That's not what I said, though. I said that calling pull_varnos() causes
the issue - apparently that does not happen in master, but I ran into
that when hacking on a patch.

pull_varnos is not, and should not be, applied to a RestrictInfo; for one
thing, it'd be redundant with work that was already done when creating the
RestrictInfo (cf make_restrictinfo_internal). You've not shown the
context of your problem very fully, but in general most code in the planner
should be well aware of whether it is working with a RestrictInfo (or list
of same) or a bare expression. I don't believe that it's a very good idea
to obscure that distinction.

OK, let me explain the context a bit more.
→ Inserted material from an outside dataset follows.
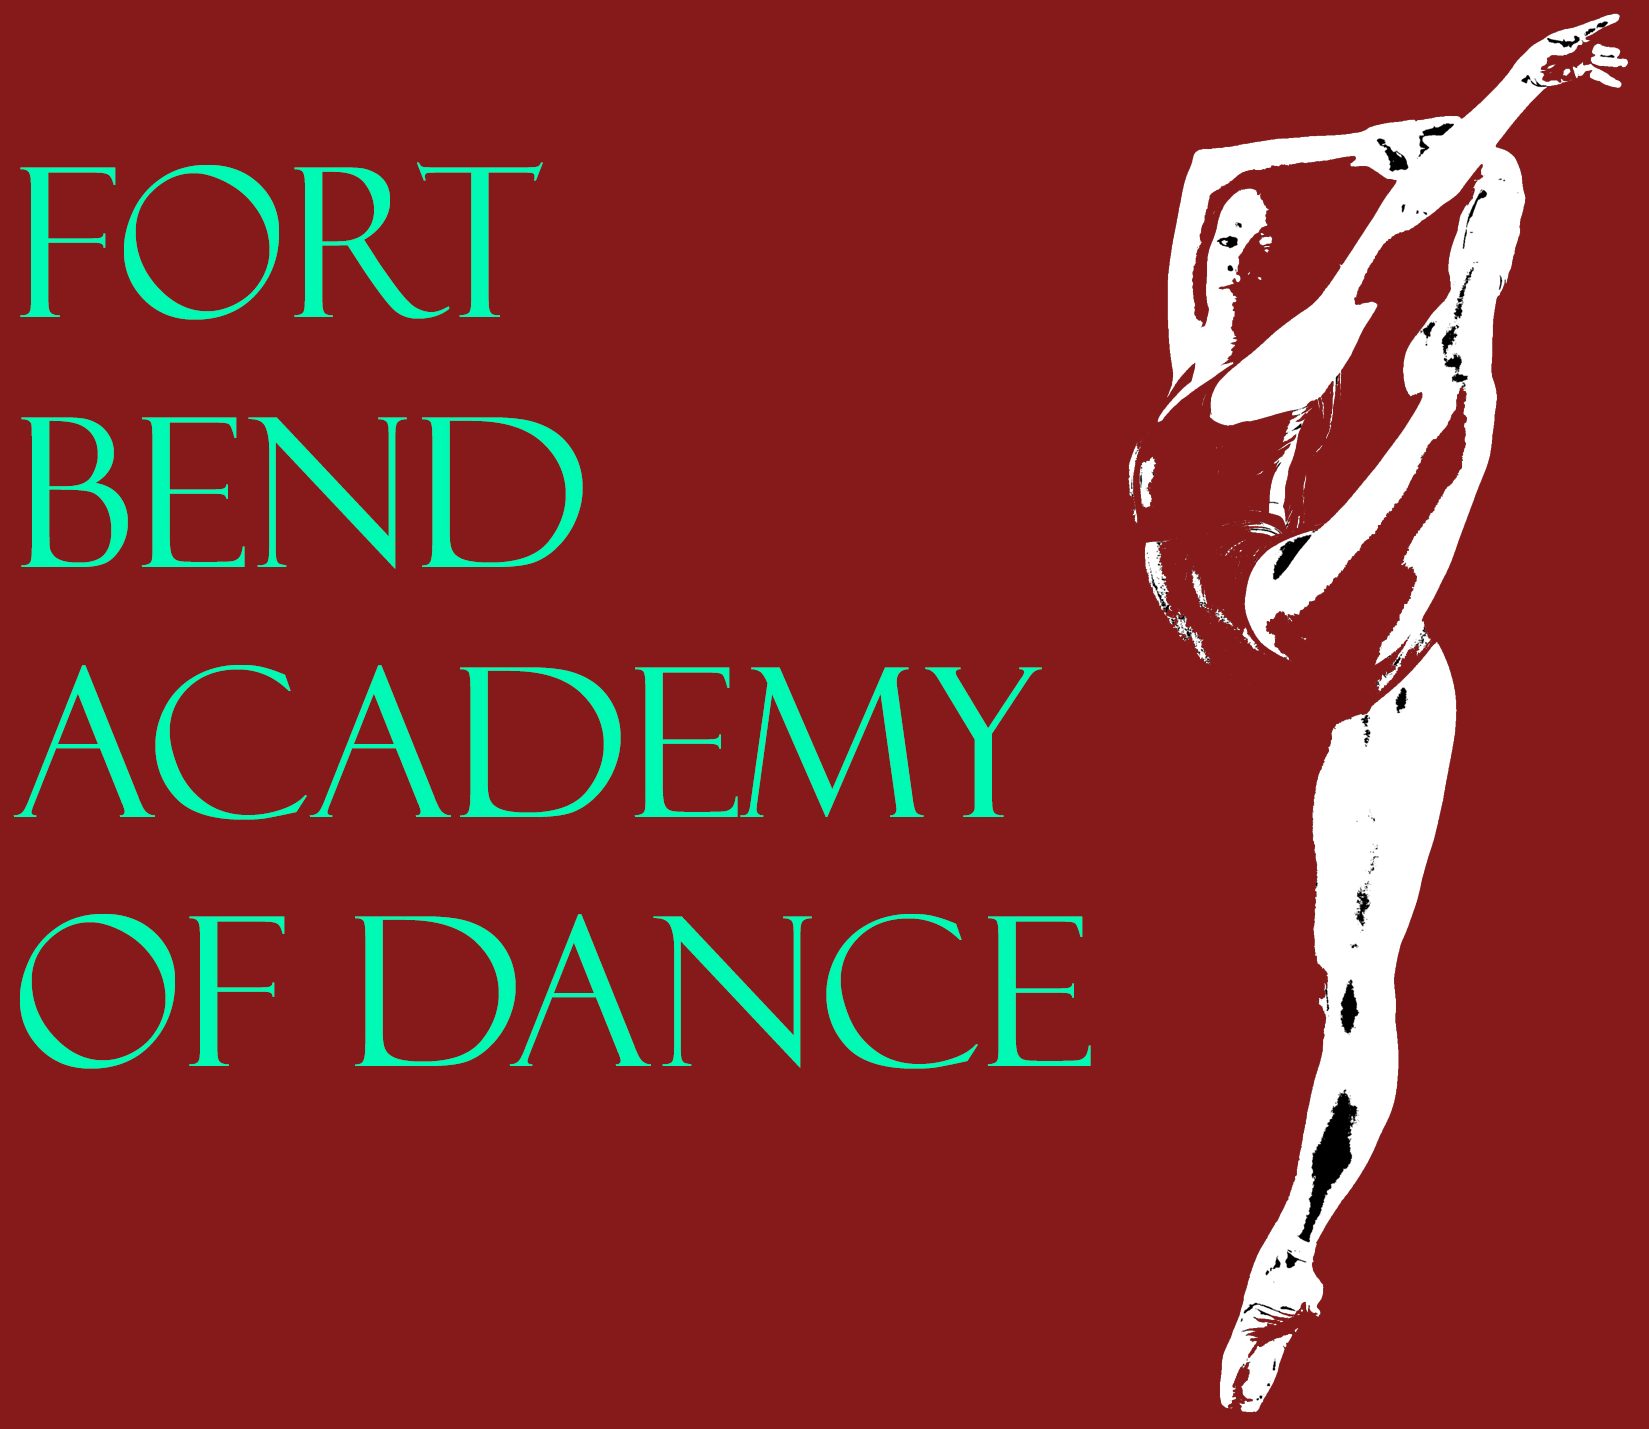 Fort Bend Academy of Dance

When working on the
multivariate statistics patch, I need to choose which stats to use for
estimating the clauses. I do that in clauselist_selectivity(), although
there might be other places where to do that.
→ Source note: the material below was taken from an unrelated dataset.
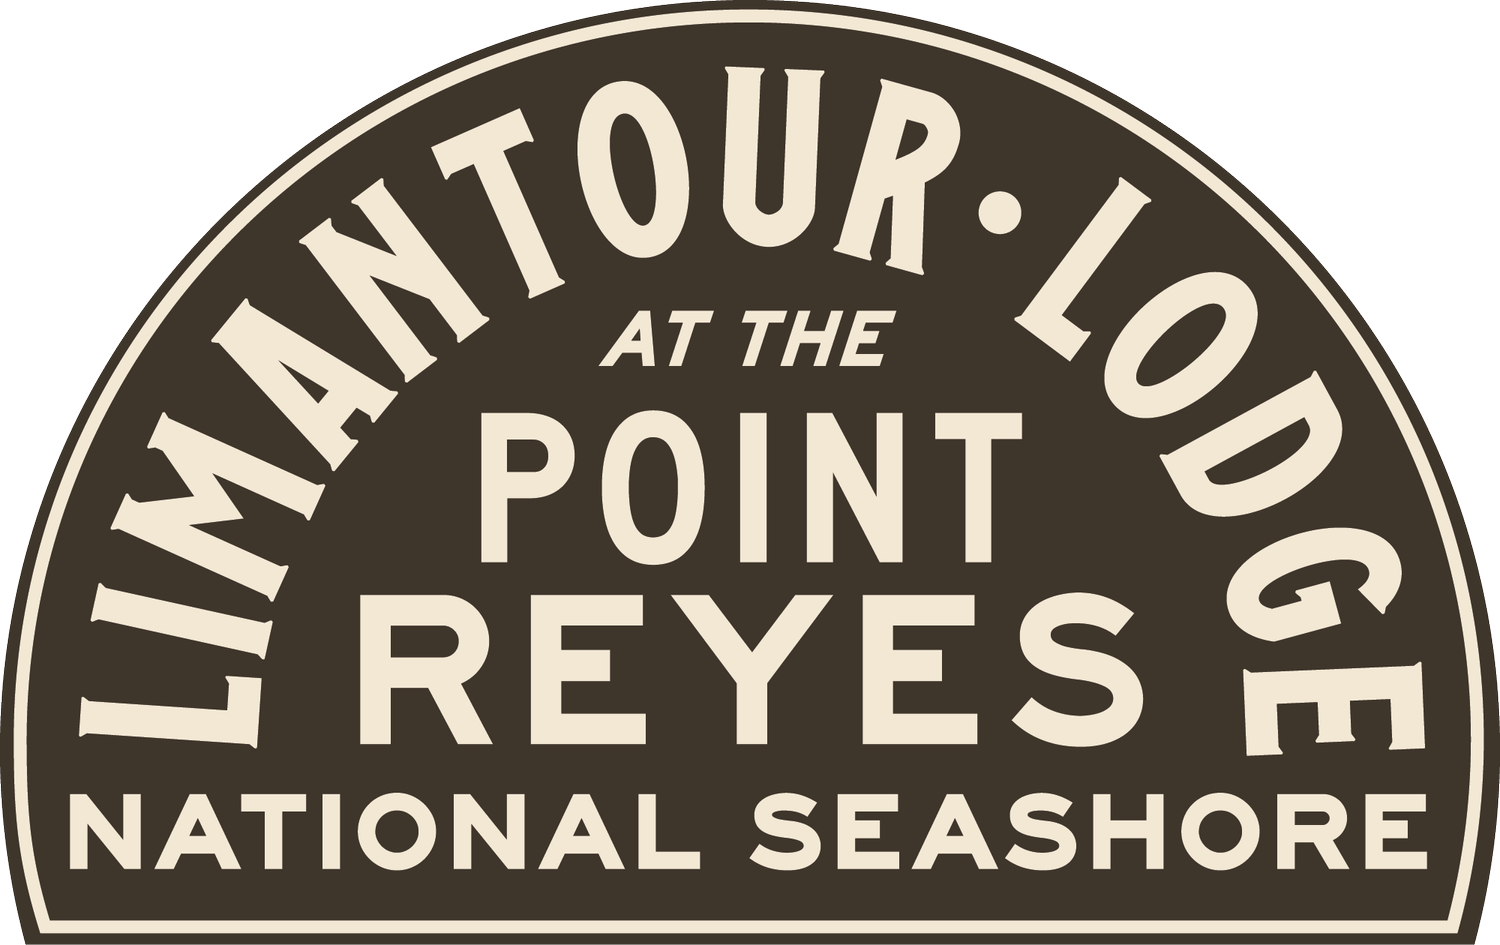 Limantour Lodge at Point Reyes National Seashore

Selecting the stats that best match the clauses is based on how well
they cover the vars in the clauses (and some other criteria, that is
mostly irrelevant here). So at some point I do call functions like
pull_varnos() and pull_varattnos() to get this information.

I do handle RestrictInfo nodes explicitly - for those nodes I can do get
the info from the node itself. But this does not work for the condition
I posted, because that contains nested RestrictInfo nodes. So I do call
pull_varnos() on a BoolExpr node, but in reality the node tree
representing the clauses

WHERE (a >= 10 AND a <= 20) OR (b >= 20 AND b <= 40)

looks like this:

BoolExpr [OR_EXPR]
BoolExpr [AND_EXPR]
RestrictInfo
OpExpr [Var >= Const]
RestrictInfo
OpExpr [Var <= Const]
BoolExpr [AND_EXPR]
RestrictInfo
OpExpr [Var >= Const]
RestrictInfo
OpExpr [Var <= Const]

so the pull_varnos() fails because it runs into RestrictInfo node while
walking the tree.

So I see three possibilities:

1) pull_varnos/pull_varattnos (and such functions, using the
expression walker internally) are not supposed to be called unless
you are sure there are no RestrictInfo nodes in the tree, but this
seems really awkward

2) expression walker is supposed to know about RestrictInfo nodes (as I
did in my patch), but you say this is not the case

3) pull_varnos_walker / pull_varattnos_walker are supposed to handle
RestrictInfo nodes explicitly (either by using the cached information
or by using RestrictInfo->clause in the next step)

regards

--
Tomas Vondra http://www.2ndQuadrant.com/
PostgreSQL Development, 24x7 Support, Remote DBA, Training & Services

--
Sent via pgsql-hackers mailing list (pgsql-hackers@postgresql.org)
To make changes to your subscription:
http://www.postgresql.org/mailpref/pgsql-hackers

#6Tom Lane
tgl@sss.pgh.pa.us
In reply to: Tomas Vondra (#5)
Re: FIX : teach expression walker about RestrictInfo

Tomas Vondra <tomas.vondra@2ndquadrant.com> writes:

On 04/29/15 05:55, Tom Lane wrote:

pull_varnos is not, and should not be, applied to a RestrictInfo; for one
thing, it'd be redundant with work that was already done when creating the
RestrictInfo (cf make_restrictinfo_internal). You've not shown the
context of your problem very fully, but in general most code in the planner
should be well aware of whether it is working with a RestrictInfo (or list
of same) or a bare expression. I don't believe that it's a very good idea
to obscure that distinction.

OK, let me explain the context a bit more. When working on the
multivariate statistics patch, I need to choose which stats to use for
estimating the clauses. I do that in clauselist_selectivity(), although
there might be other places where to do that.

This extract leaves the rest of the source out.